I need some help. Just replaced my MK2 rear beam with a MK3 rear beam. How do I set up the rear brakes to match a non abs set up using a 22mm mc. 

From one set up that I saw, a fellow dubber from England used a proportion valve for each side of the beam. I can't exactly see how this is set up. Can somebody send me some clearer photos of their setup and explain how to do it. Completely, like if they had to run new hard lines to how many proportion valves. It almost looks like he used one for each side but I cannot see it clearly. And is it good to use copper hard lines? I need help so I can get this done. Thanks


----------



## stratocaster (Jul 13, 2004)

It looks to me like he only has a proportioning valve on one side. Theres no reason why you would need two back there. All you should need to do is run new lines into a single proportioning valve, and out into each caliper. 

People use copper lines because they're supposedly easier to bend, but lines are lines. Its not going to make a difference what metal they're made of once they're installed. All I can say is be EXTREMELY careful when bending new lines, and use the correct tools to do it. Obviously you don't want to end up with a kink somewhere.

I'm a MK4 guy, so I'm not extremely familiar with the setup on the older VWs. However, I'm a mechanic by trade, so this is my best advice based on the information I have. Hope it helps. :thumbup:


----------



## engai69 (Sep 9, 2005)

stratocaster said:


> It looks to me like he only has a proportioning valve on one side. Theres no reason why you would need two back there. All you should need to do is run new lines into a single proportioning valve, and out into each caliper.
> 
> People use copper lines because they're supposedly easier to bend, but lines are lines. Its not going to make a difference what metal they're made of once they're installed. All I can say is be EXTREMELY careful when bending new lines, and use the correct tools to do it. Obviously you don't want to end up with a kink somewhere.
> 
> I'm a MK4 guy, so I'm not extremely familiar with the setup on the older VWs.
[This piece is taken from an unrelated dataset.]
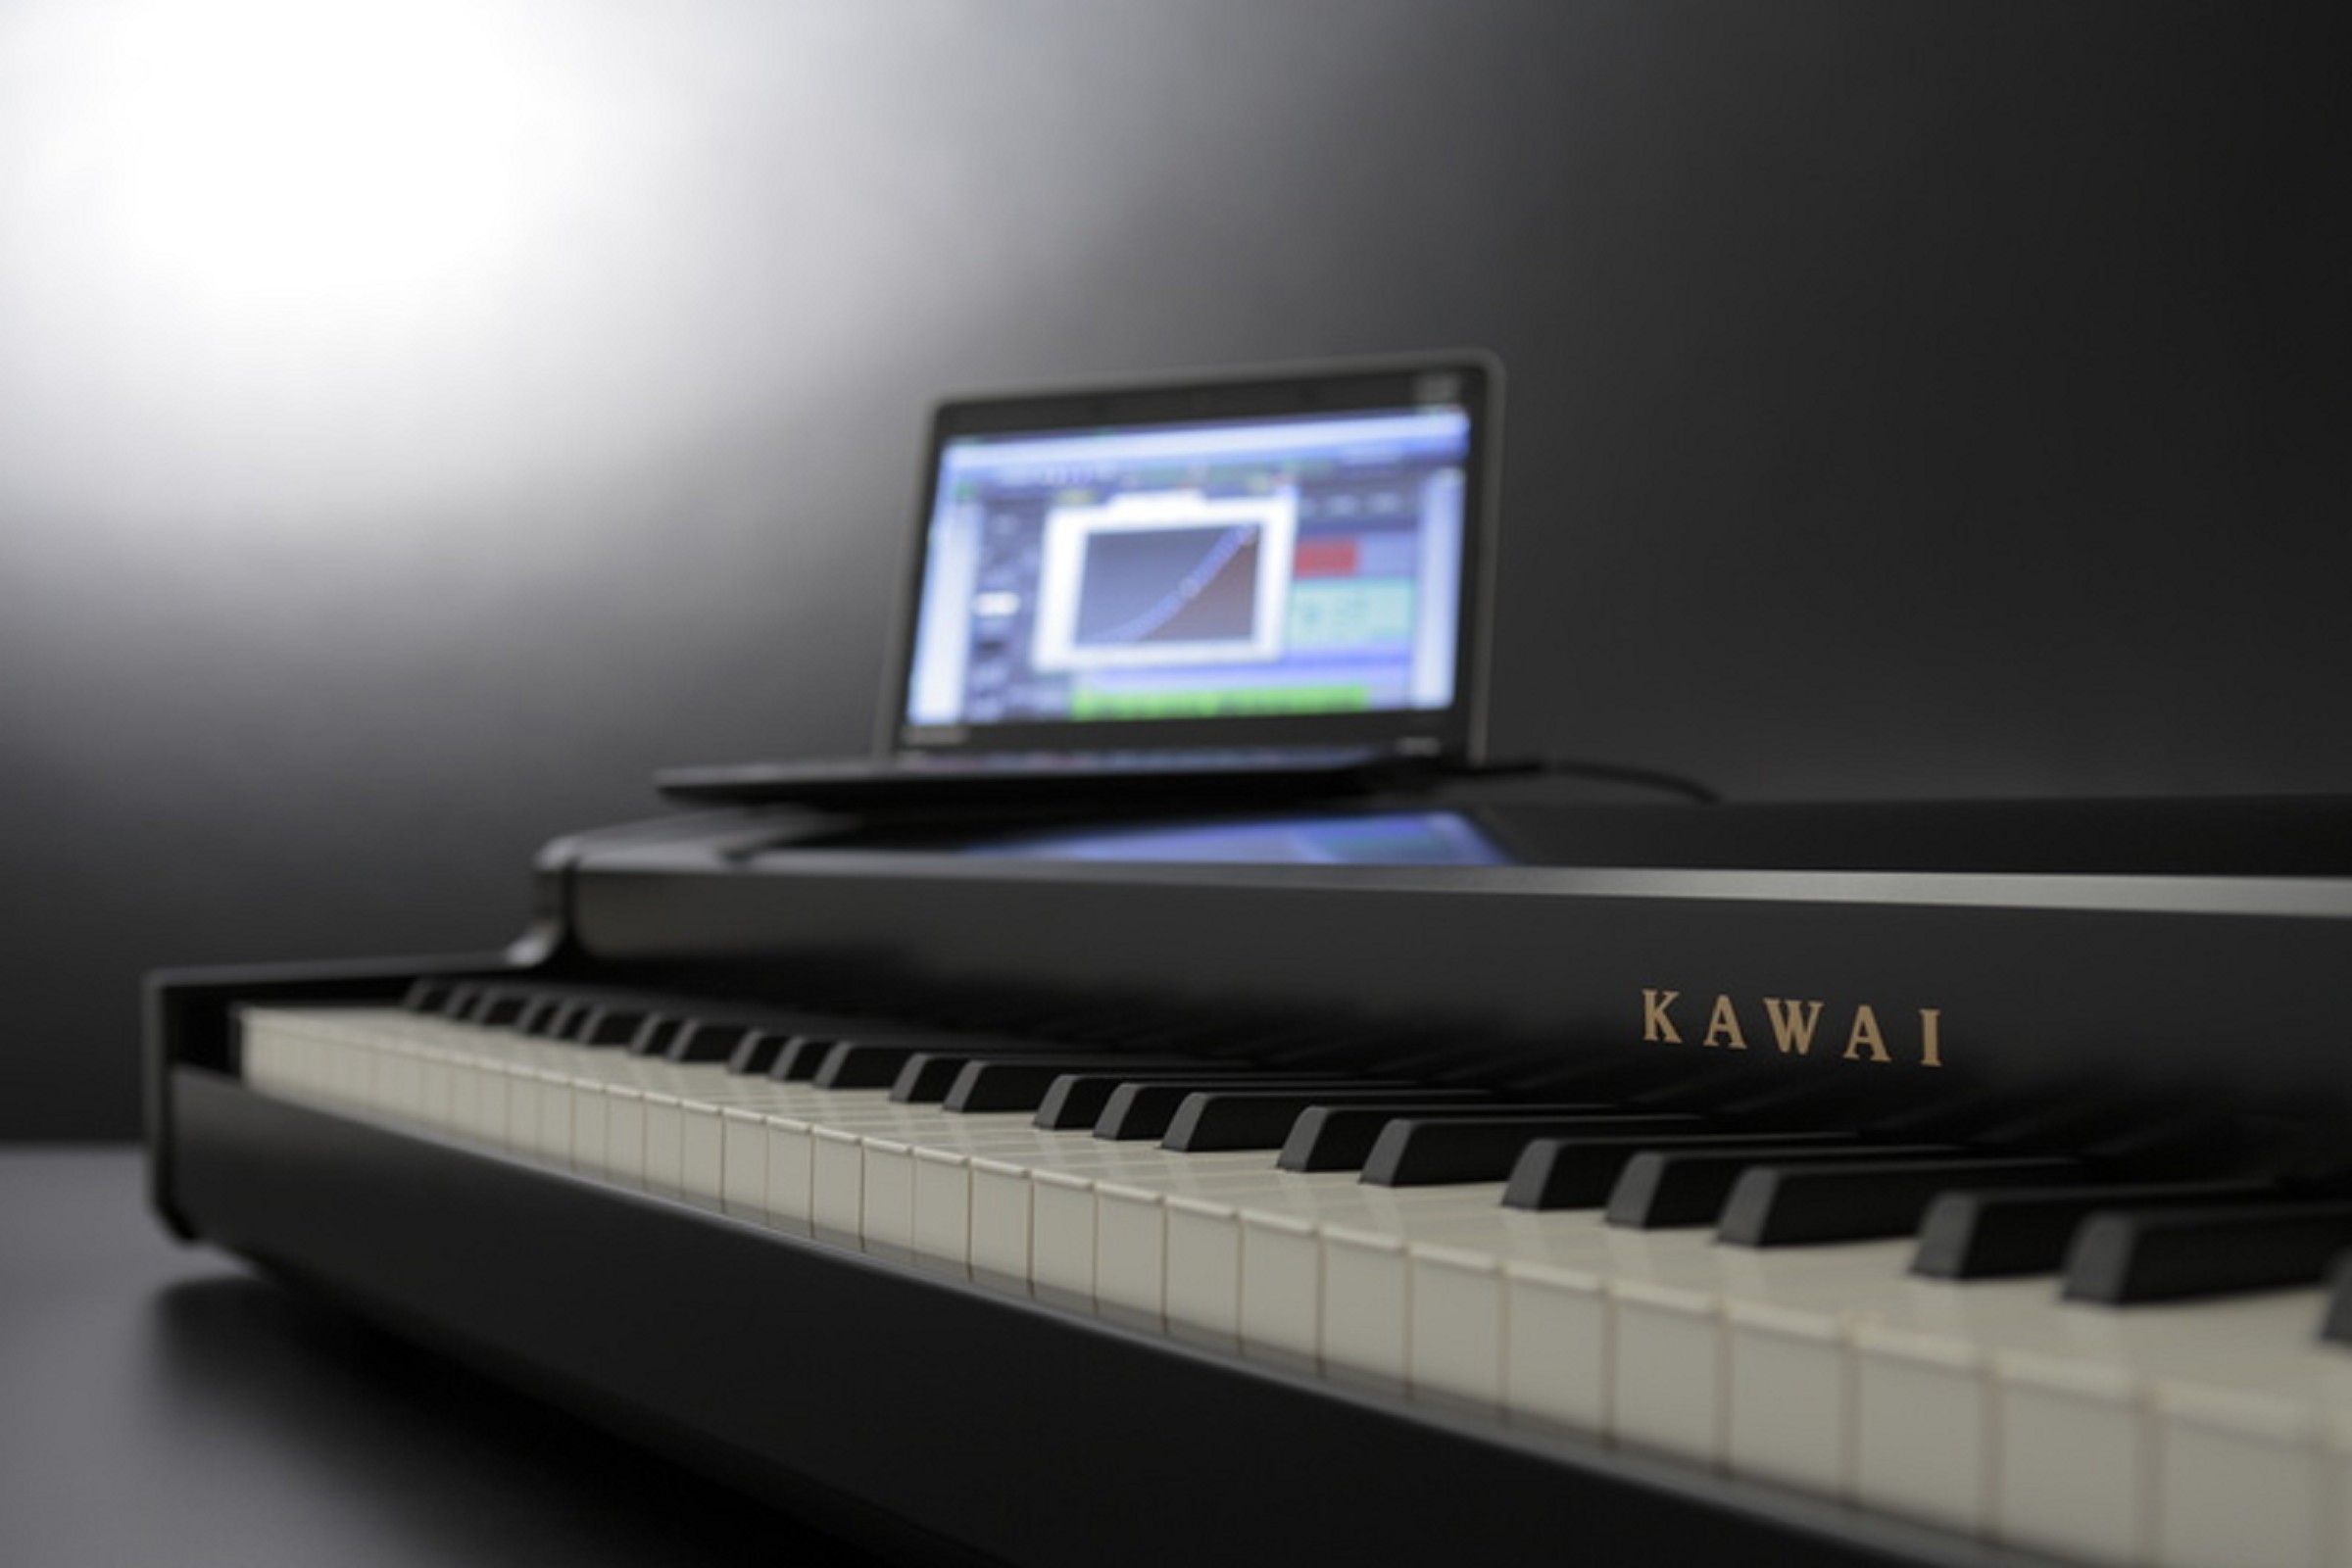 Kawai VPC-1 MIDI Keyboard schwarz

However, I'm a mechanic by trade, so this is my best advice based on the information I have. Hope it helps. :thumbup:


Yes, this helps because I wasn't sure how he had the other side hooked up? I did not see a line running from the proportioning valve to the other side but I see something hooked up on that far side. 

Not sure if I will use copper, lol, people have been stealing copper to sell because of the economy. lol


----------



## germancarnut51 (Mar 23, 2008)

Copper is too soft for use on a car (work hardens, comes brittle and breaks).

If I were you, I go to a junkyard and get a set of brake lines from a MKIII ABA car.

I'd use the single proportioning valve setup from a MKIII ABA car, and get a proportioning valve from an appropriate car (if you have rear drum brakes, get a proportioning valve from a drum brake car, and if you're running rear disc brakes, get the proportioing valve from a rear disc brake car).


----------



## engai69 (Sep 9, 2005)

germancarnut51 said:


> Copper is too soft for use on a car (work hardens, comes brittle and breaks).
> 
> If I were you, I go to a junkyard and get a set of brake lines from a MKIII ABA car.
> 
> I'd use the single proportioning valve setup from a MKIII ABA car, and get a proportioning valve from an appropriate car (if you have rear drum brakes, get a proportioning valve from a drum brake car, and if you're running rear disc brakes, get the proportioing valve from a rear disc brake car).



Great info also. I didn't know the MK3 lines would fit on the MK2 like that. I thought that they were too long but if everything is plug and play, that's the way that I will go. Used lines and a proportioning valve should be inexpensive from the junkyard.


----------



## engai69 (Sep 9, 2005)

Anyone have pics of their mk3 rear beam swap on a Mk2? I want to see how you set the rear proportion valve up?


----------